The slight left shift of the 2016 distribution is very interesting for our analysis. It shows that ratings were slightly lower in 2016 compared to 2015. This suggests that there was a difference indeed between Fandango's ratings for popular movies in 2015 and Fandango's ratings for popular movies in 2016. We can also see the direction of the difference: the ratings in 2016 were slightly lower compared to 2015.
It seems we're following a good thread so far, but we need to analyze more granular information. Let's examine the frequency tables of the two distributions to analyze some numbers. Because the datasets have different numbers of movies, we normalize the tables and show percentages instead.

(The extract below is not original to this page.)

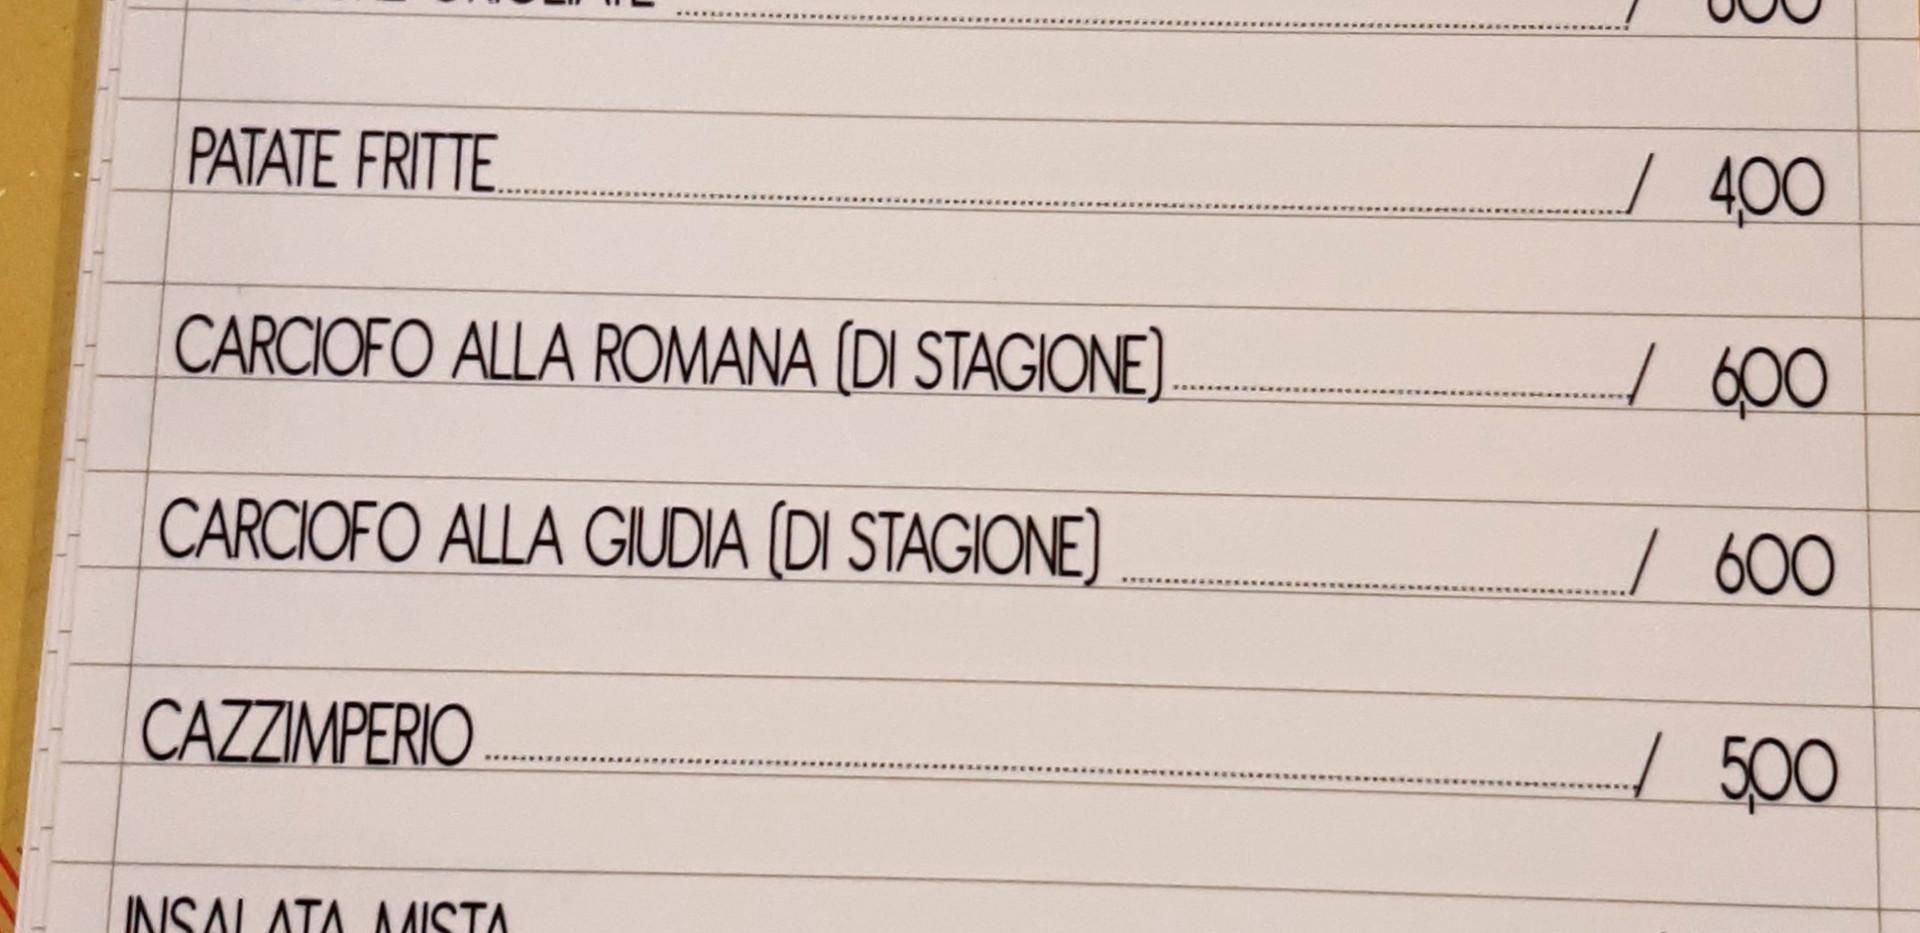 menu #osteriadarbruttone

print('2015' + '\n' + '-' * 16) # To help us distinguish between the two tables immediately and
# avoid silly mistakes as we read to and from
fandango_2015['Fandango_Stars'].value_counts(normalize = True).sort_index() * 100
2015 ----------------
3.0 8.527132 3.5 17.829457 4.0 28.682171 4.5 37.984496 5.0 6.976744 Name: Fandango_Stars, dtype: float64
print('2016' + '\n' + '-' * 16)
fandango_2016['fandango'].value_counts(normalize = True).sort_index() * 100
2016 ----------------
2.5 3.141361 3.0 7.329843 3.5 24.083770 4.0 40.314136 4.5 24.607330 5.0 0.523560 Name: fandango, dtype: float64
In 2016, very high ratings (4.5 and 5 stars) had significantly lower percentages compared to 2015. In 2016, under 1% of the movies had a perfect rating of 5 stars, compared to 2015 when the percentage was close to 7%. Ratings of 4.5 were also more popular in 2015 — there were approximately 13% more movies rated with a 4.5 in 2015 compared to 2016.
The minimum rating is also lower in 2016 — 2.5 instead of 3 stars, the minimum of 2015. There clearly is a difference between the two frequency distributions.
For some other ratings, the percentage went up in 2016. There was a greater percentage of movies in 2016 that received 3.5 and 4 stars, compared to 2015. 3.5 and 4.0 are high ratings, and this challenges the direction of the change we saw on the kernel density plots.
Let's take a couple of summary metrics for more precise information about the direction of the change. In what follows, we'll compute the mean, the median, and the mode for both distributions, and then we'll use a bar graph to plot the values.
mean_2015 = fandango_2015['Fandango_Stars'].mean()
mean_2016 = fandango_2016['fandango'].mean()
median_2015 = fandango_2015['Fandango_Stars'].median()
median_2016 = fandango_2016['fandango'].median()
mode_2015 = fandango_2015['Fandango_Stars'].mode()[0] # the output of Series.mode() is a bit uncommon
mode_2016 = fandango_2016['fandango'].mode()[0]
summary = pd.DataFrame()
summary['2015'] = [mean_2015, median_2015, mode_2015]
summary['2016'] = [mean_2016, median_2016, mode_2016]
summary.index = ['mean', 'median', 'mode']
summary
2015 | 2016 | |
---|---|---|
mean | 4.085271 | 3.887435 |
median | 4.000000 | 4.000000 |
mode | 4.500000 | 4.000000 |
plt.style.use('fivethirtyeight')
summary['2015'].plot.bar(color = '#0066FF', align = 'center', label = '2015', width = .25)
summary['2016'].plot.bar(color = '#CC0000', align = 'edge', label = '2016', width = .25,
rot = 0, figsize = (8,5))
plt.title('Comparing summary statistics: 2015 vs 2016', y = 1.07)
plt.ylim(3,5.5)
plt.yticks(arange(3,5.1,.5))
plt.ylabel('Stars')
plt.legend(framealpha = 0, loc = 'upper center')
plt.show()
The mean rating was lower in 2016 with approximately 0.2. This means a drop of almost 5% relative to the mean rating in 2015.
(summary.loc['mean'][0] - summary.loc['mean'][1]) / summary.loc['mean'][0]
0.04842683568951993
While the median is the same for both distributions, the mode is lower in 2016 by 0.5. Coupled with what we saw for the mean, the direction of the change we saw on the kernel density plot is confirmed: on average, popular movies released in 2016 were rated slightly lower than popular movies released in 2015.
Our analysis showed that there is indeed a slight difference between Fandango's ratings for popular movies in 2015 and Fandango's ratings for popular movies in 2016. We also determined that, on average, popular movies released in 2016 were rated lower on Fandango than popular movies released in 2015.
We cannot be completely sure what caused the change, but the chances are very high that it was caused by Fandango fixing the biased rating system following Hickey's analysis.